■ **Work instructions**
Repeat the listing exactly. Any picture in it should be left out of the copy.

### Data provided ###

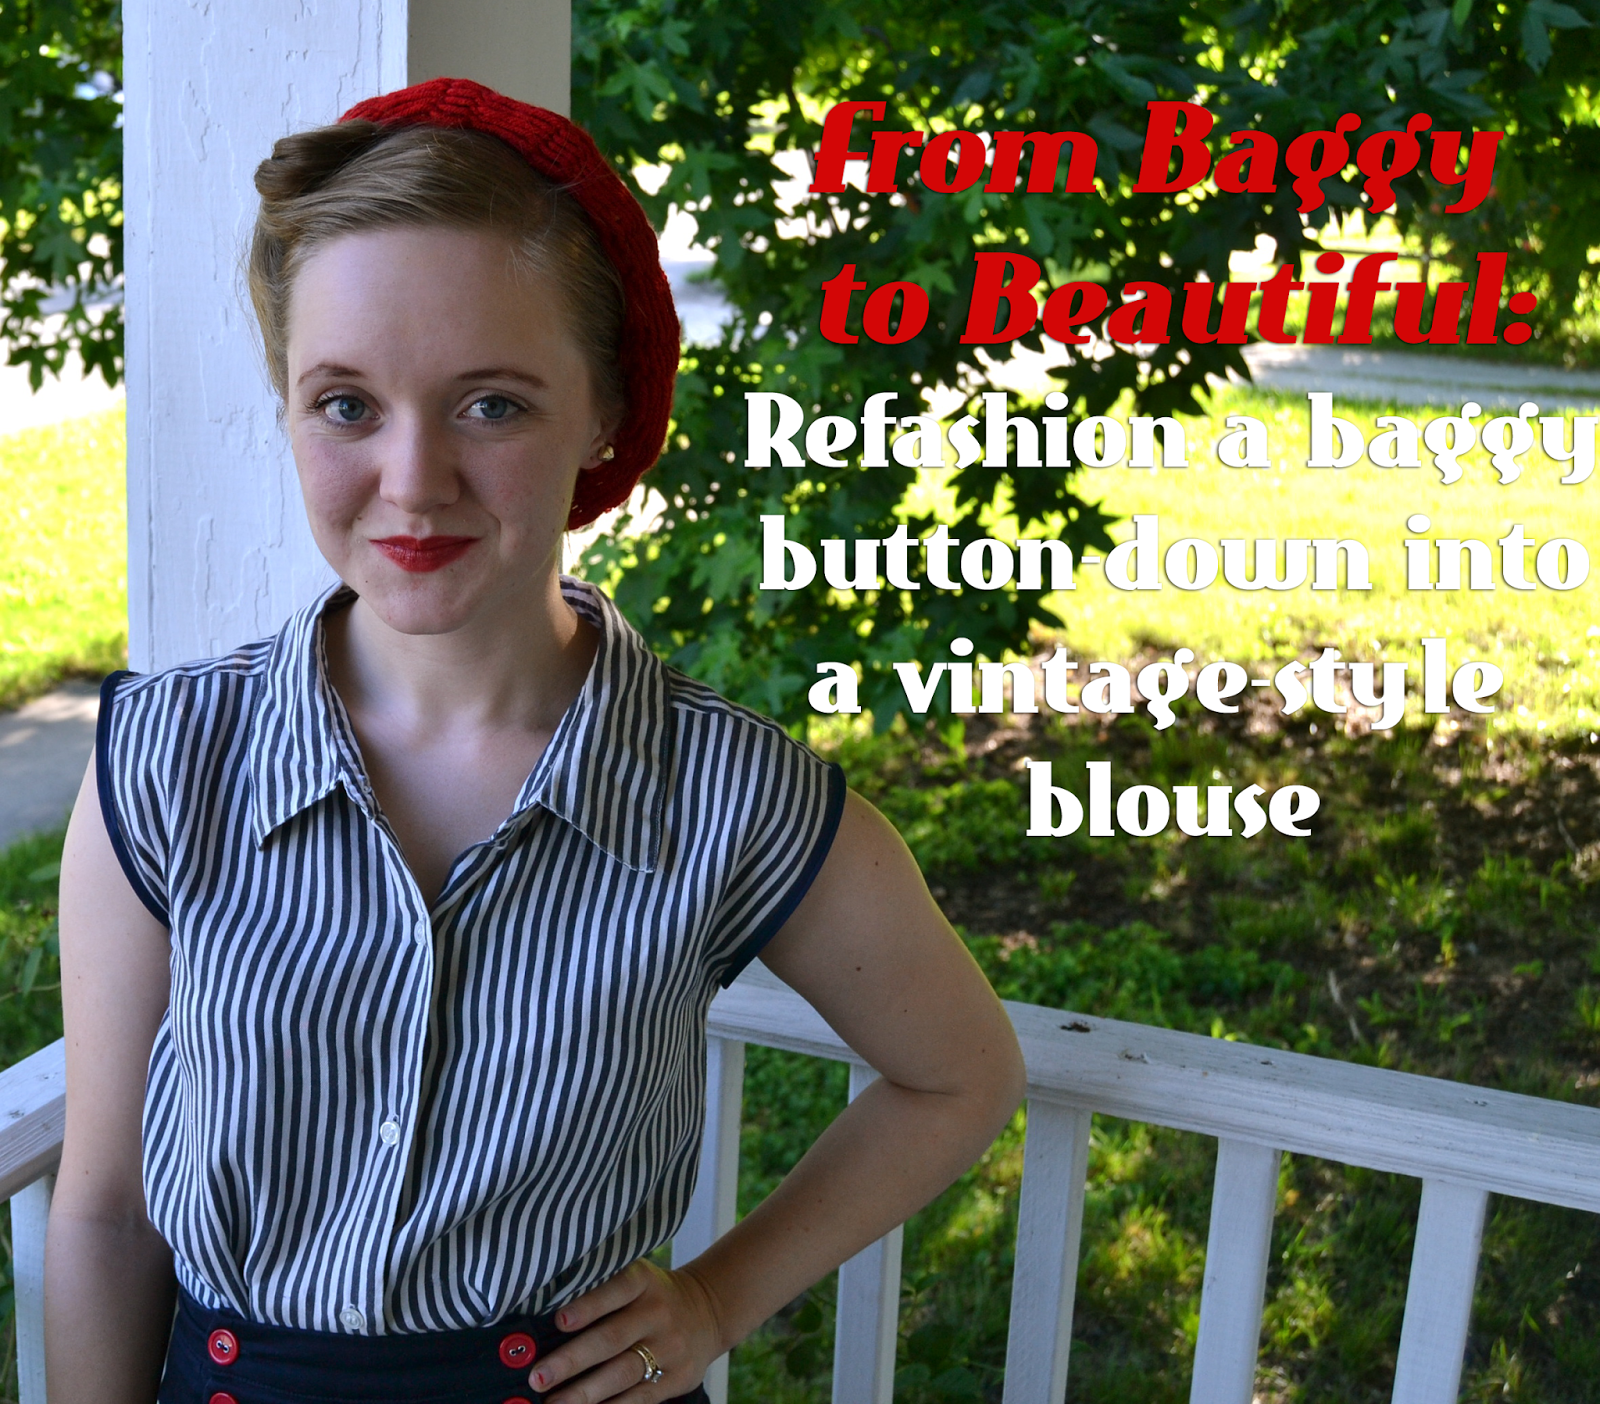 Flashback Summer: DIY - Refashion a too-big, baggy button-down into a vintage-style blouse
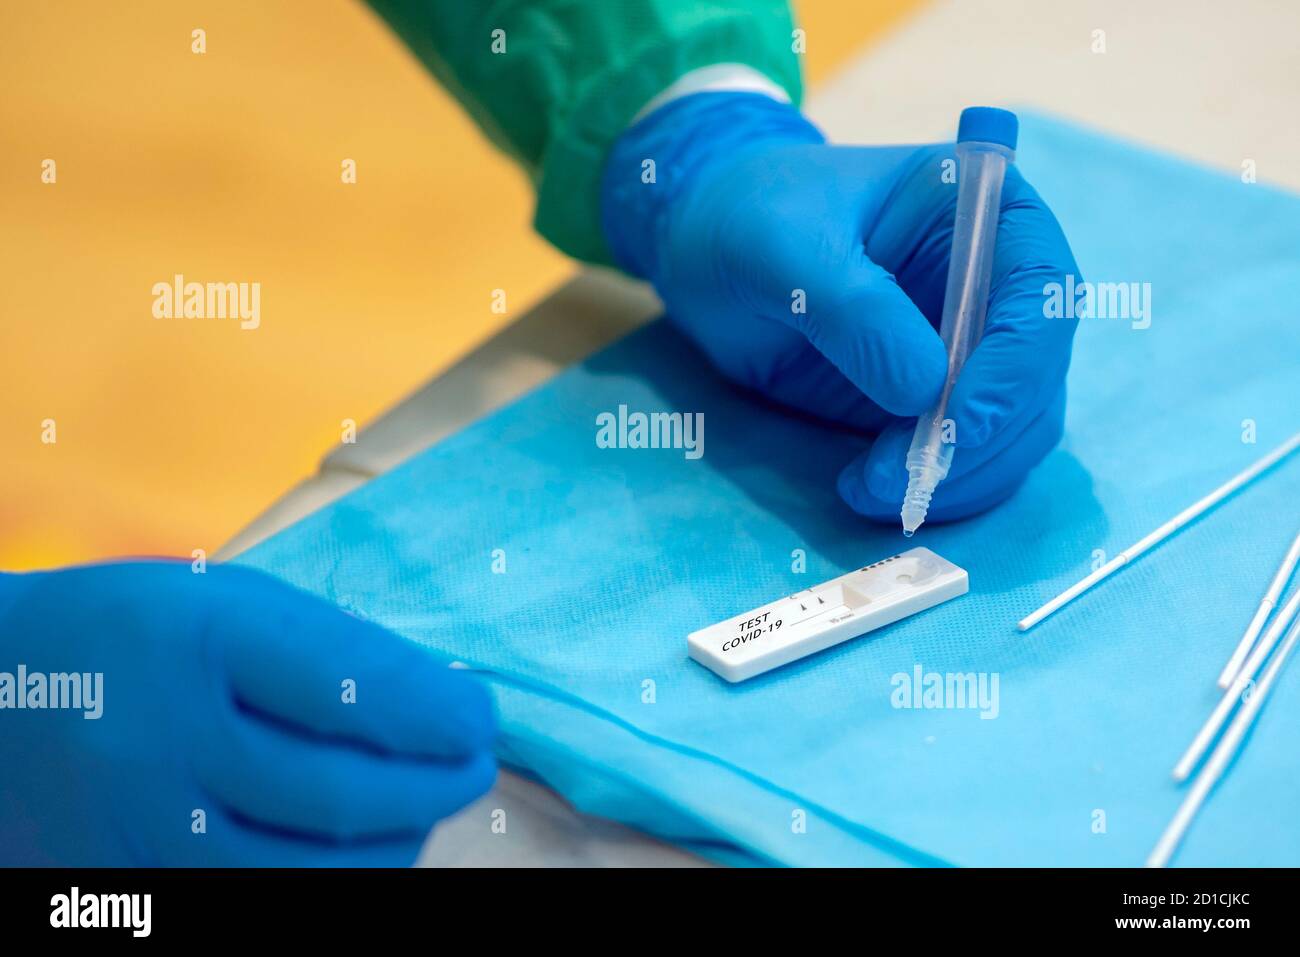 Hands of health personnel testing for viruses Stock Photo
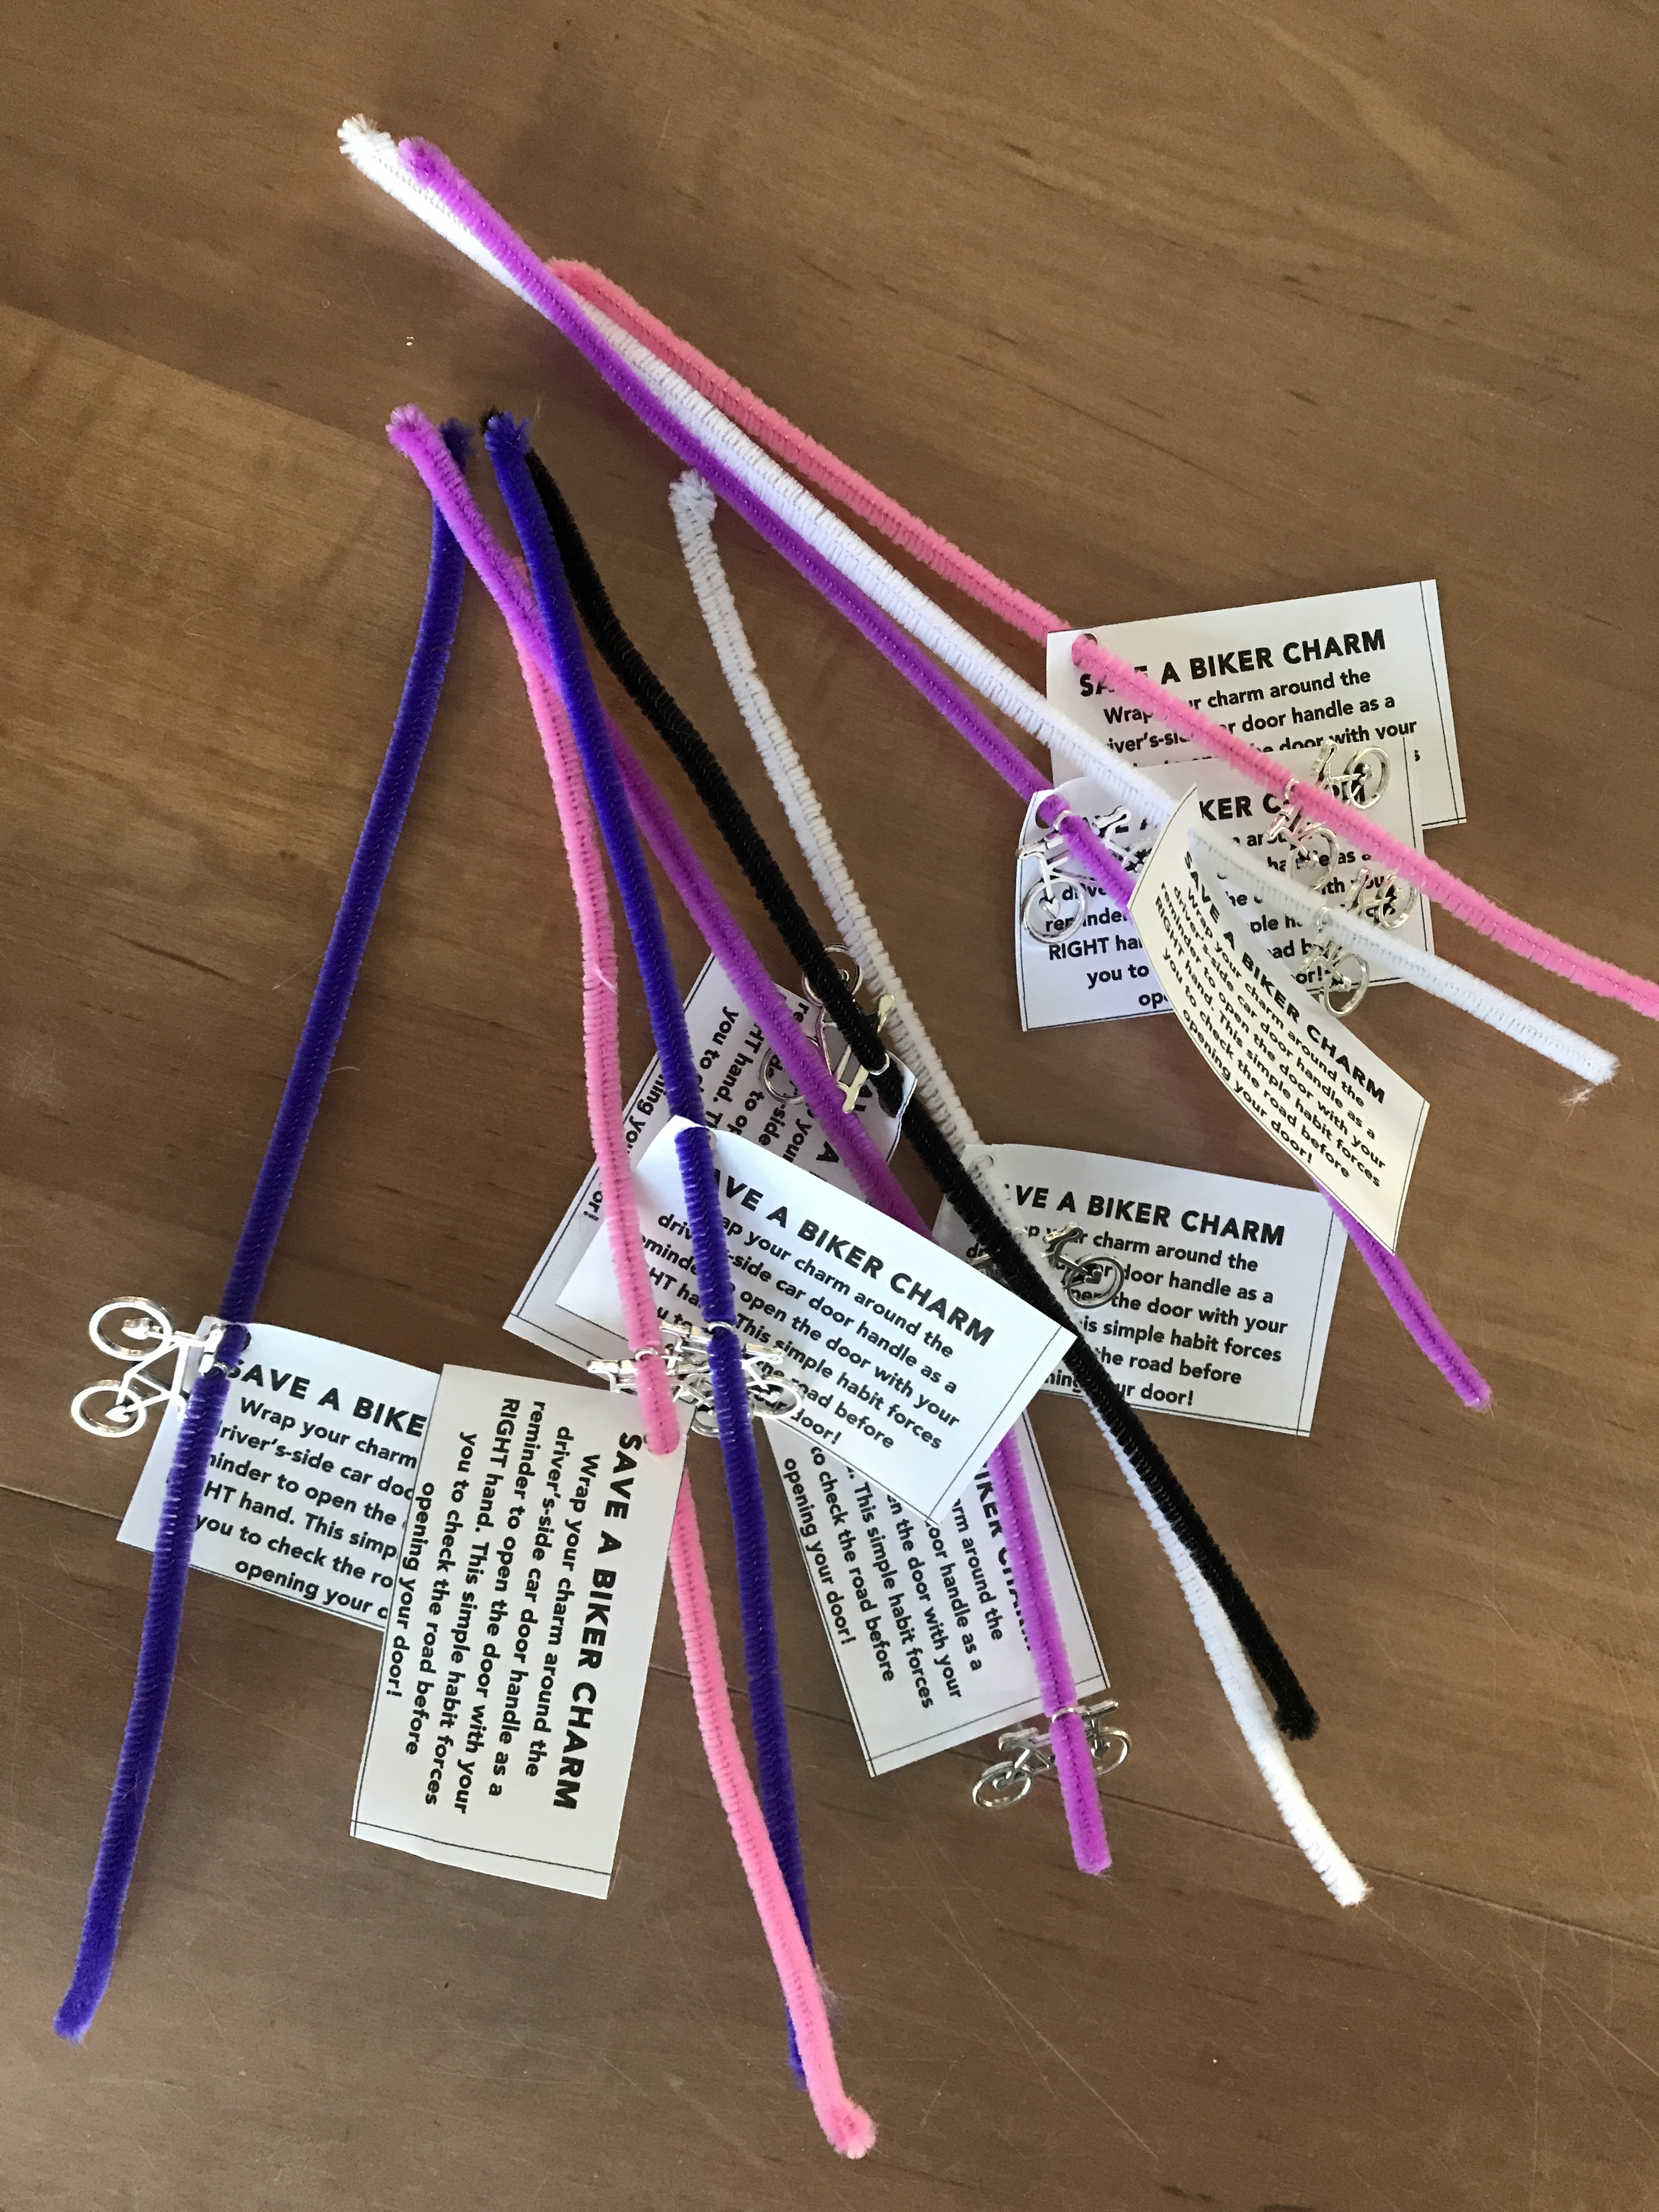 Examples of Dutch Reach reminders or aide de memoire made of a tag with Dutch reach text on paper, attached to pipe-cleaners.

###

■ **Reply to the task**
 Flashback Summer: DIY - Refashion a too-big, baggy button-down into a vintage-style blouse
 Hands of health personnel testing for viruses Stock Photo
 Examples of Dutch Reach reminders or aide de memoire made of a tag with Dutch reach text on paper, attached to pipe-cleaners.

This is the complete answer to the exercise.